Mucosal vaccines against COVID-19 have potential to prevent even mild infections and stop transmission – a challenge current vaccines are unable to address. But it's too soon to declare these vaccines -- delivered nasally, orally, or transdermally -- the solution that could quash the pandemic, experts say.
It's still "early days" for these immunizations, said William Schaffner, MD, an infectious diseases physician at Vanderbilt University in Nashville, Tennessee. There is hope that intranasal vaccines will be able to cut transmission, but "it's more anticipated than demonstrated at the present time," he said.
He and other experts point to a lack of data on the efficacy of mucosal COVID vaccines in humans and many challenges ahead for development and evaluation of efficacy.
At least 12 nasal vaccine candidates for COVID are in development, four of which have reached phase III clinical trials.

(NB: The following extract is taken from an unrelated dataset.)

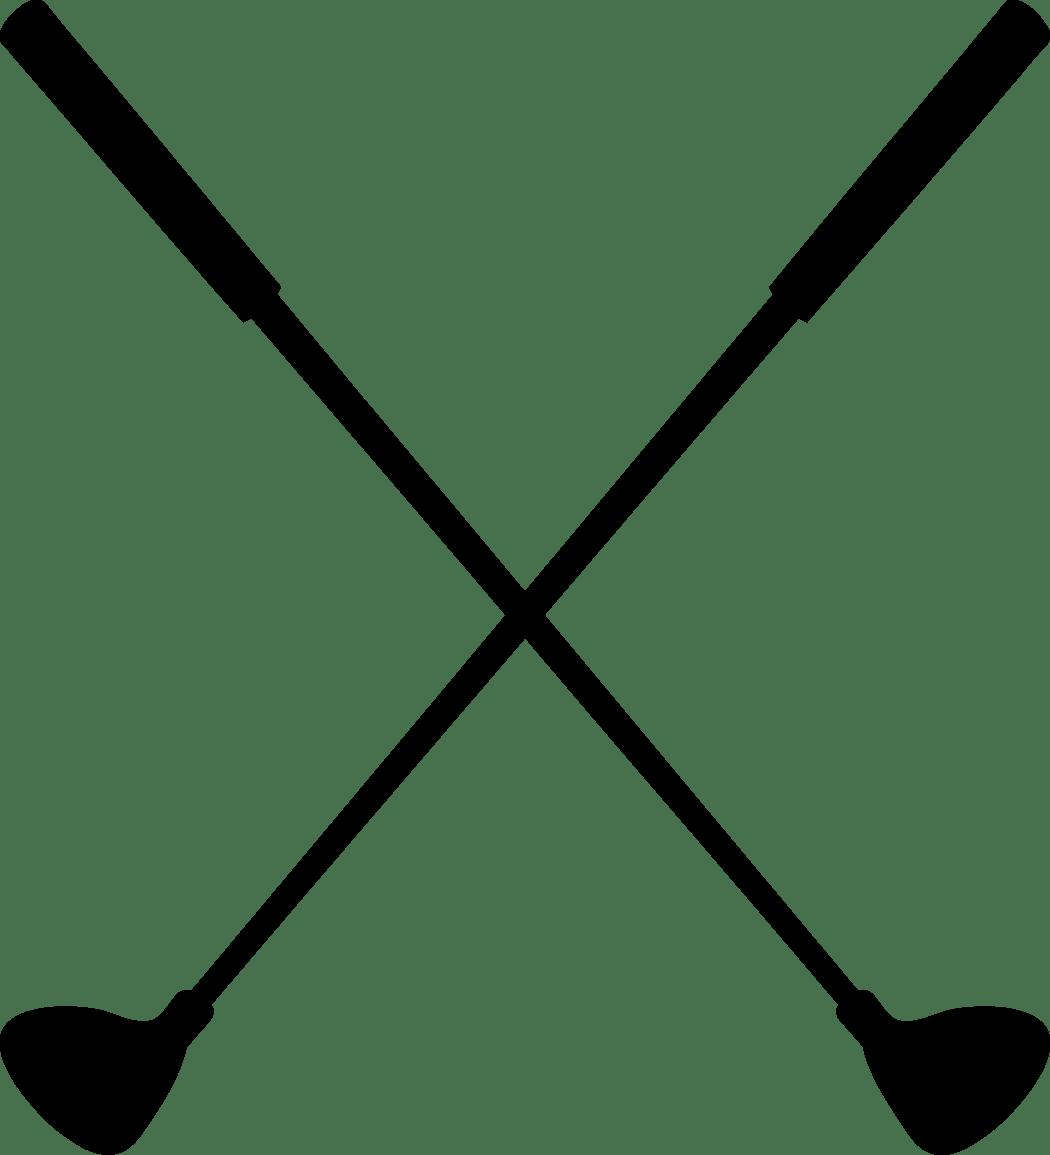 Library Of Crossed Baseball Bats Clip Art Freeuse Stock

The only approved intranasal vaccine of any type in the U.S. is FluMist, a live attenuated vaccine against influenza. Some countries, however, have already approved mucosal vaccines for COVID. Earlier this month, China approved an inhaled COVID-19 vaccine as a booster and India gave the green light to an intranasal vaccine for emergency use, both based on adenovirus vectors.
Reaching Sterilizing Immunity
Like most respiratory viruses, SARS-CoV-2 enters the body through mucous membranes such as the mouth, nose, and throat. After the virus makes contact on the mucosal surfaces, it multiplies, traveling from those entry points through the bloodstream to other parts of the body.

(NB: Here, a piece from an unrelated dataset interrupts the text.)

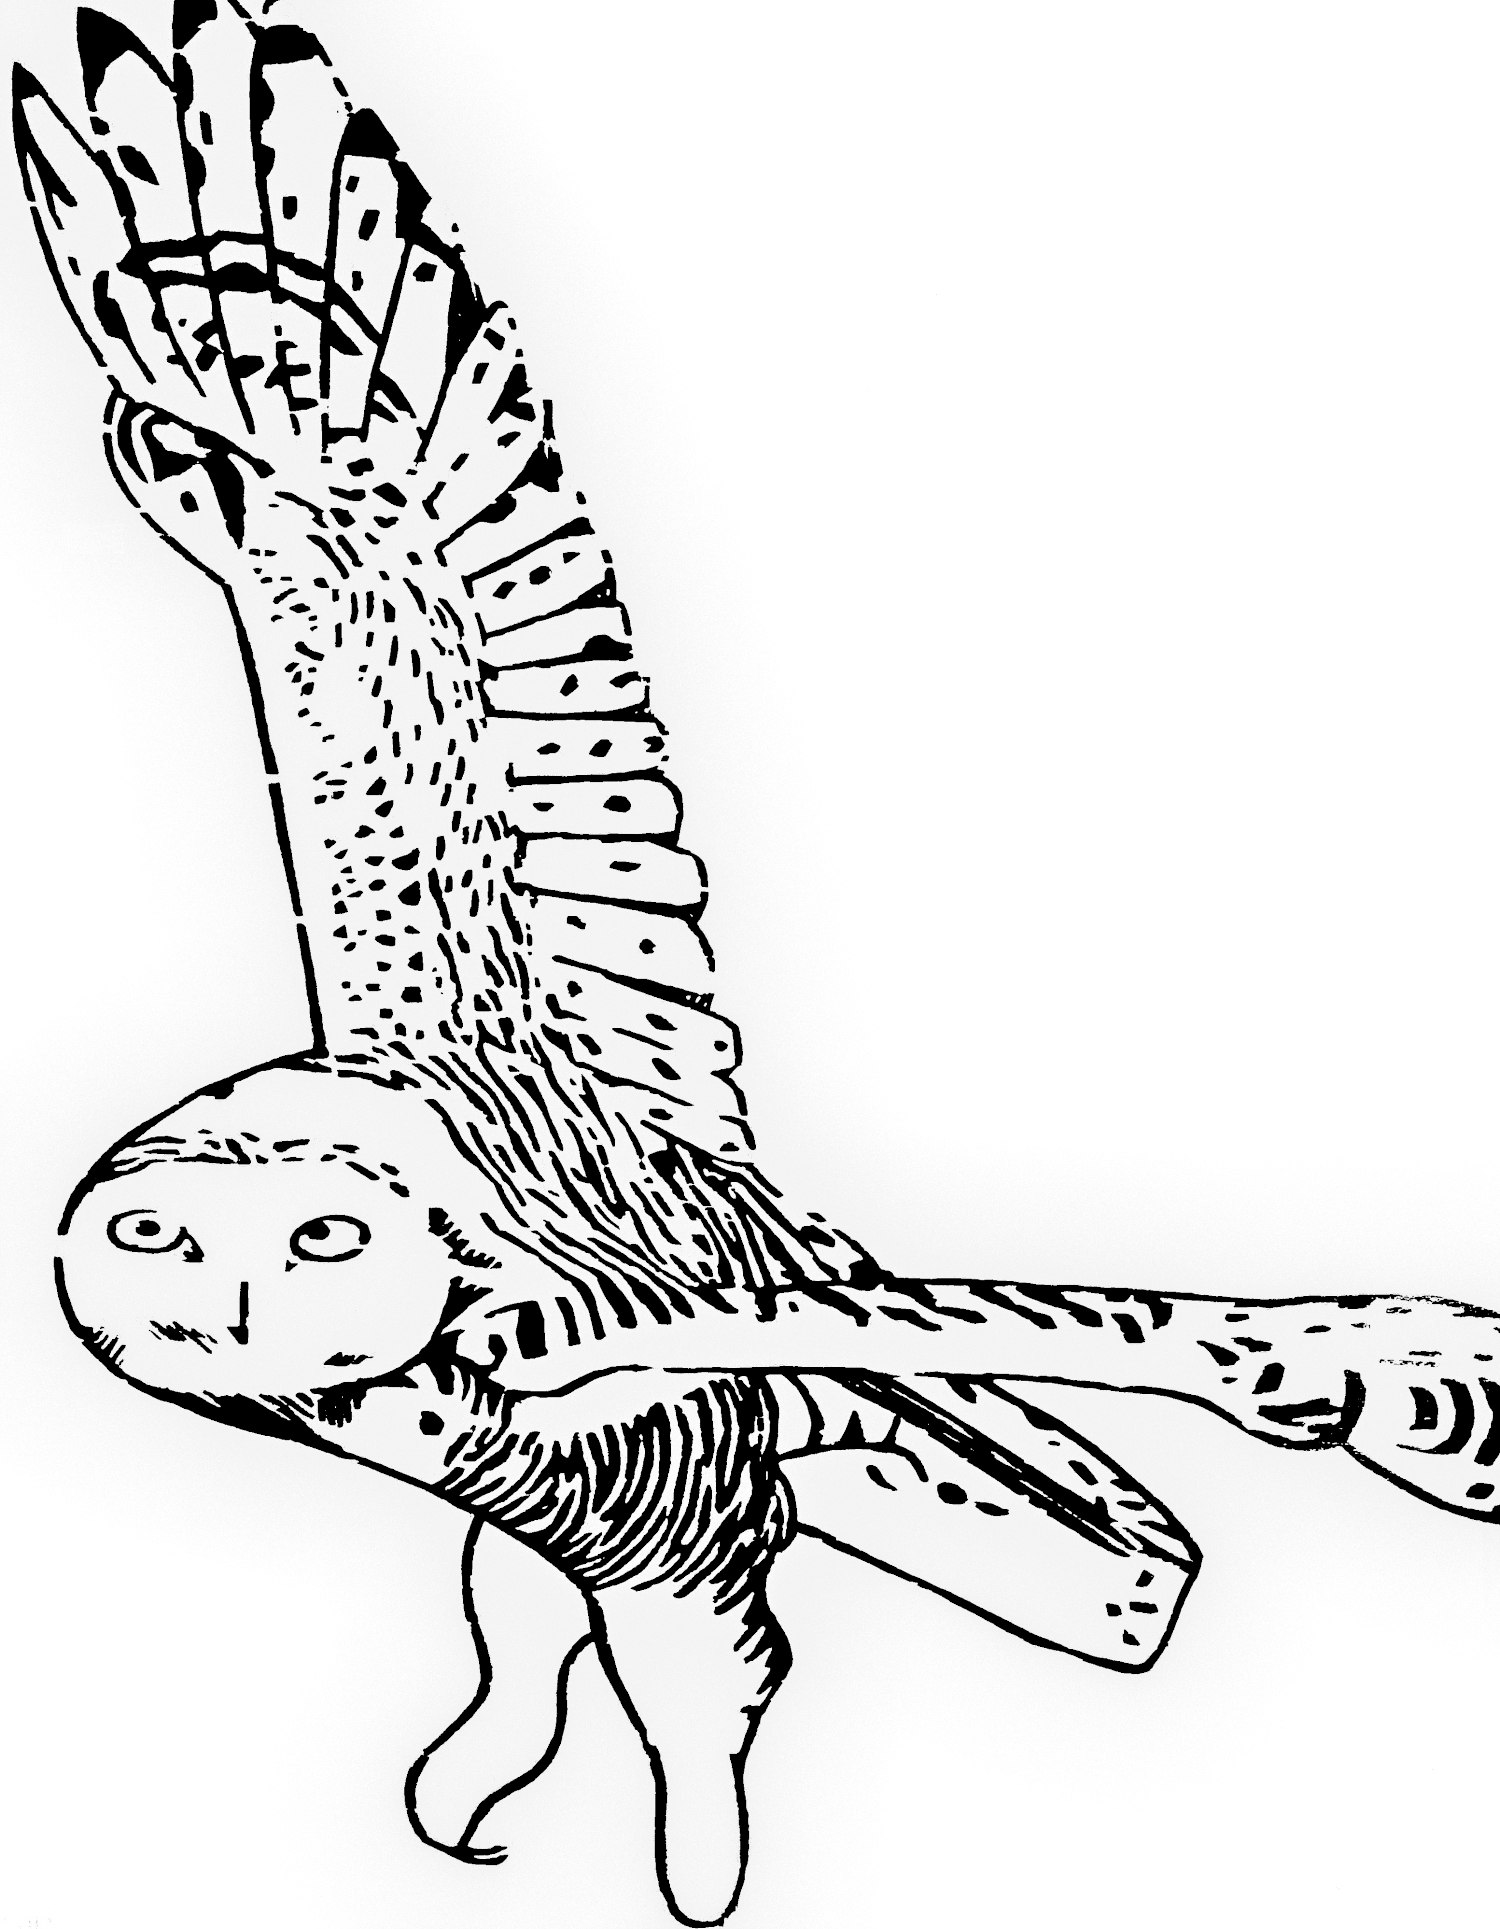 Snowy Owl white woodcut print, by Tara Marolf

The idea is that mucosal vaccines could bolster immunity at these viral entry points, stopping the pathogen from implanting, multiplying, and transporting itself throughout the body.

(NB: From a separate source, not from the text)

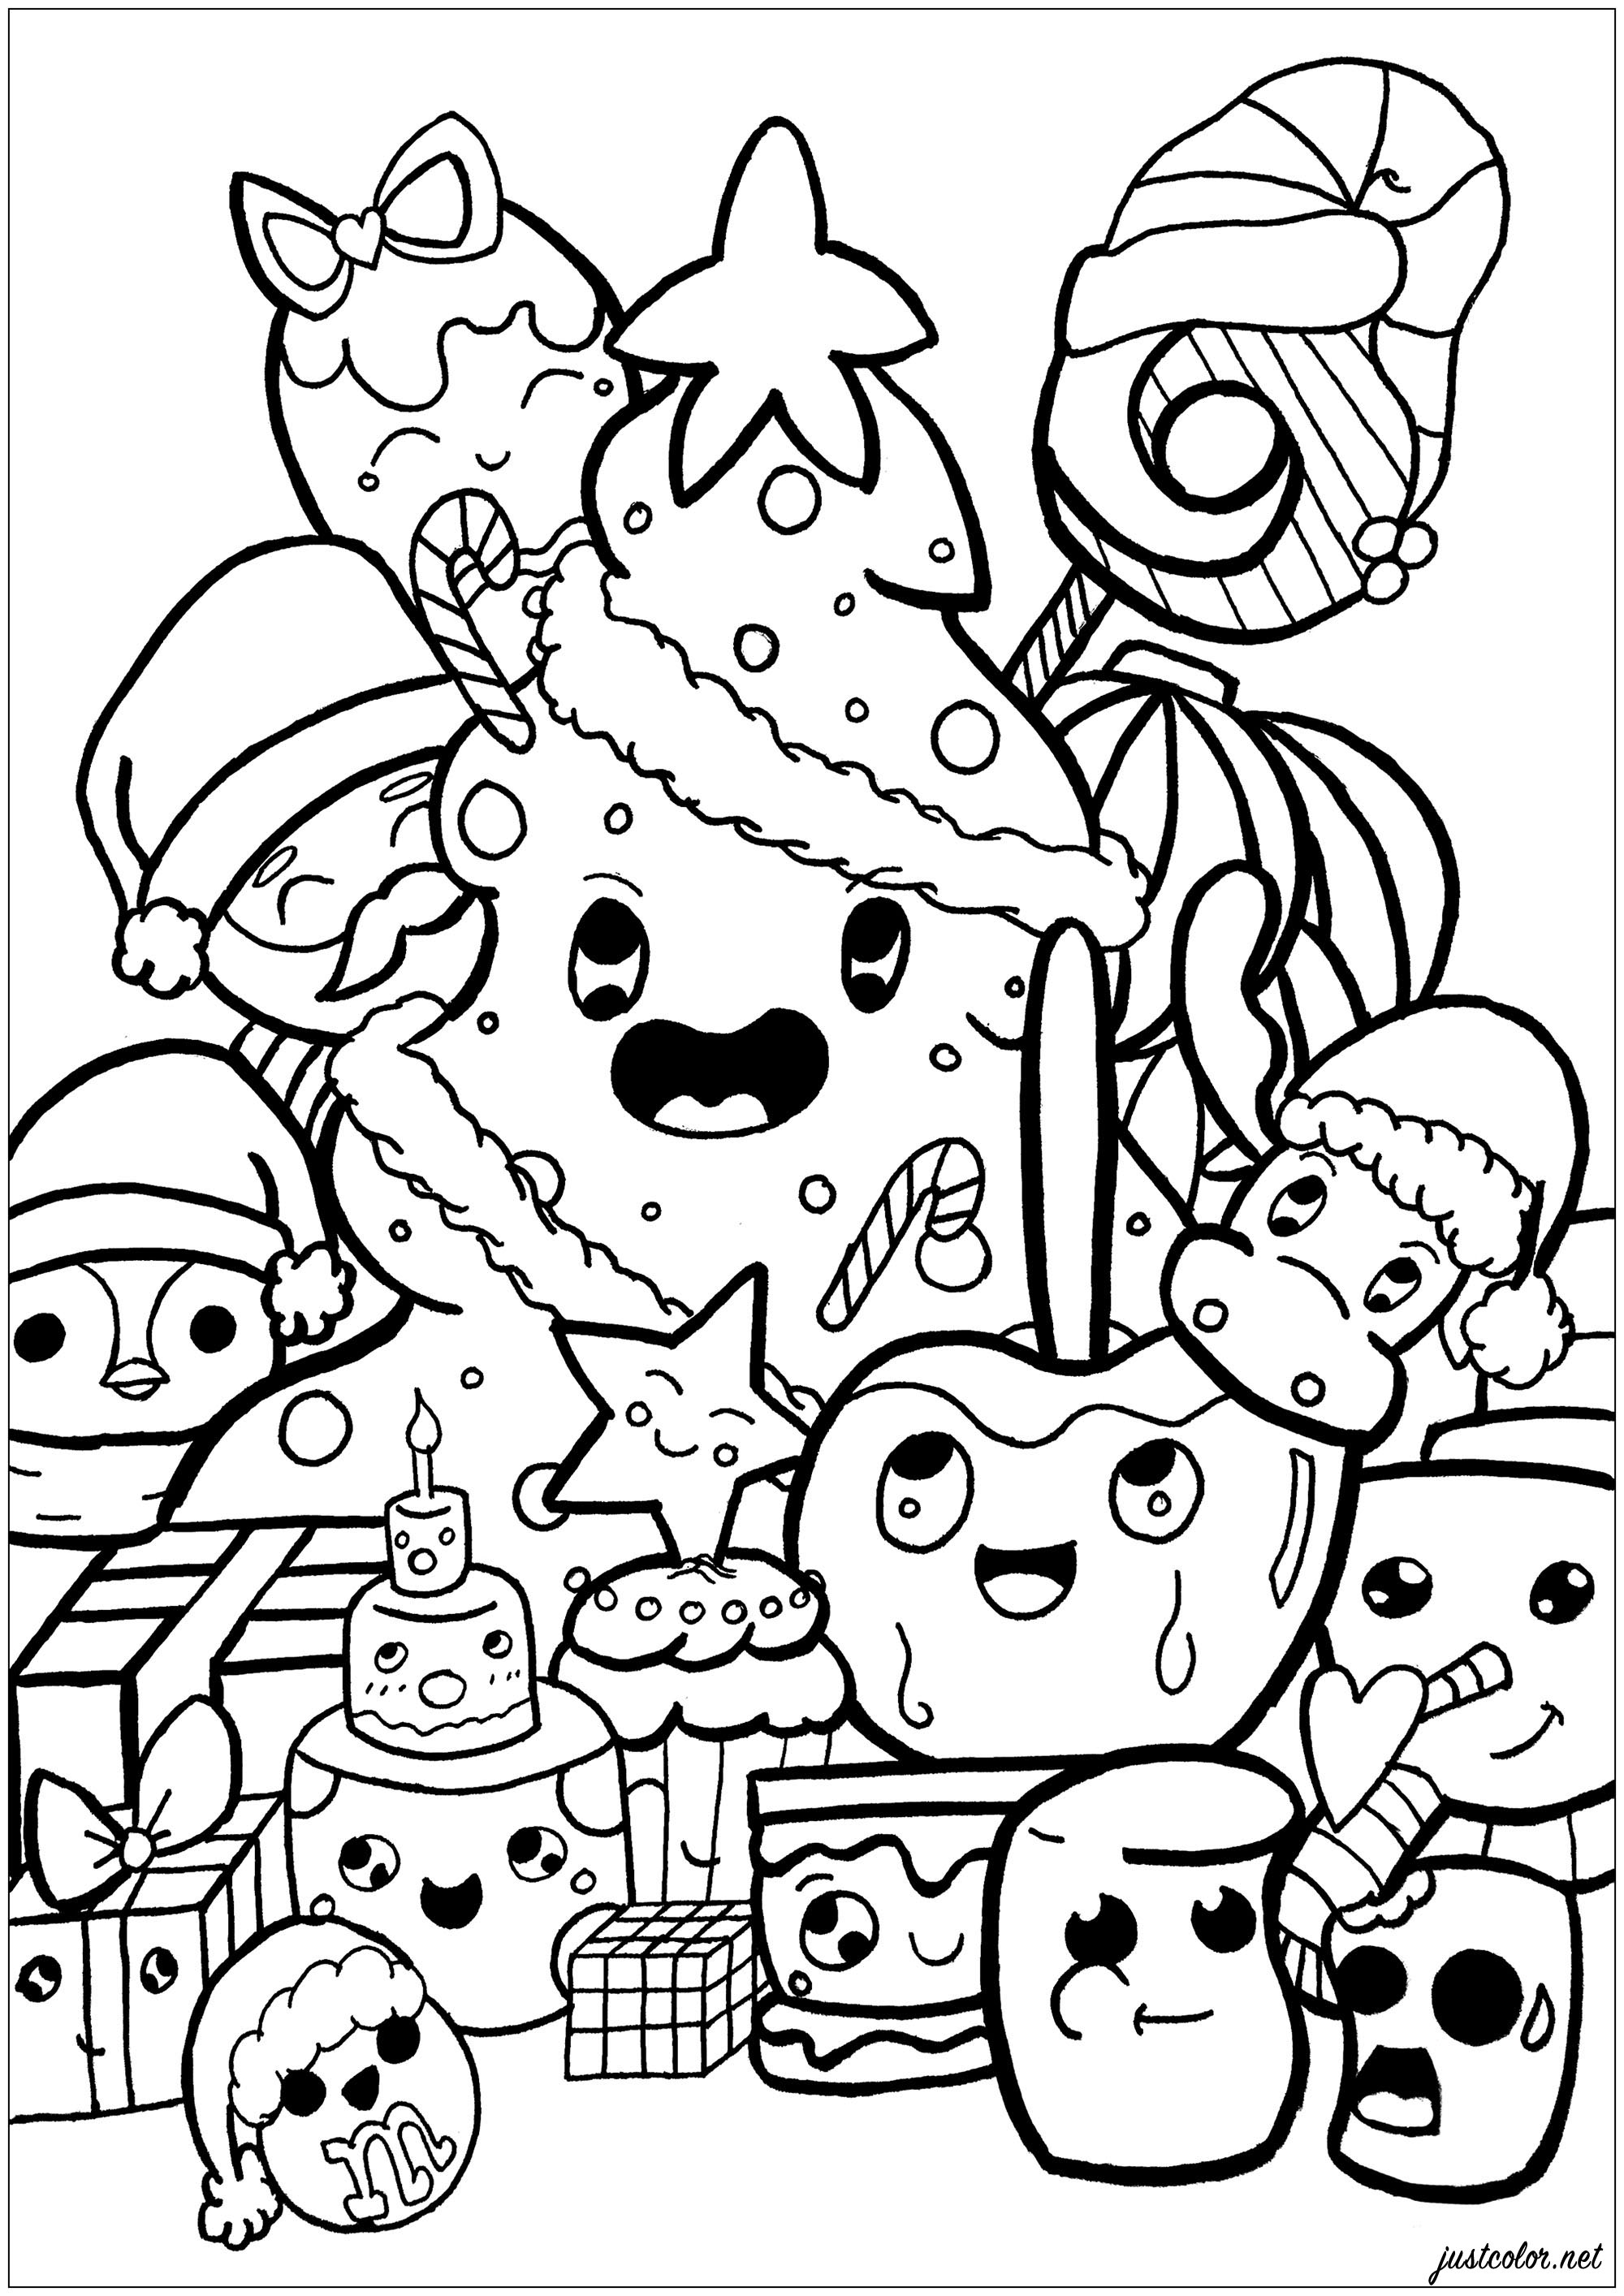 Printable Doodle Art Worksheets

"We know that if you can induce immunity in the nose, that often is much more effective in preventing infection," said Kathryn Edwards, MD, a professor of pediatrics and vaccine researcher also at Vanderbilt University. "It's an attractive hypothesis to think we could begin to make weakened COVID vaccines that might be able to stimulate local immunity and really prevent infection."
There's some evidence accruing that higher levels of mucosal immunity do just that. For example, a research letter published in the New England Journal of Medicine showed that triple-vaccinated healthcare workers with higher levels of anti-spike mucosal immunoglobulin A (IgA) had a reduced risk of a breakthrough infection with the Omicron variant (RR 0.35, 97.5% CI 0.11-0.91).
Current injectable vaccines, which help prevent progression to severe infection and death, do induce some level of mucosal immunity -- but at typically very low levels, experts noted.
"Current vaccine strategies are really effective and are great at preventing disease," said Benjamin Goldman-Israelow, MD, PhD, assistant professor of internal medicine and infectious diseases at Yale School of Medicine in New Haven, Connecticut.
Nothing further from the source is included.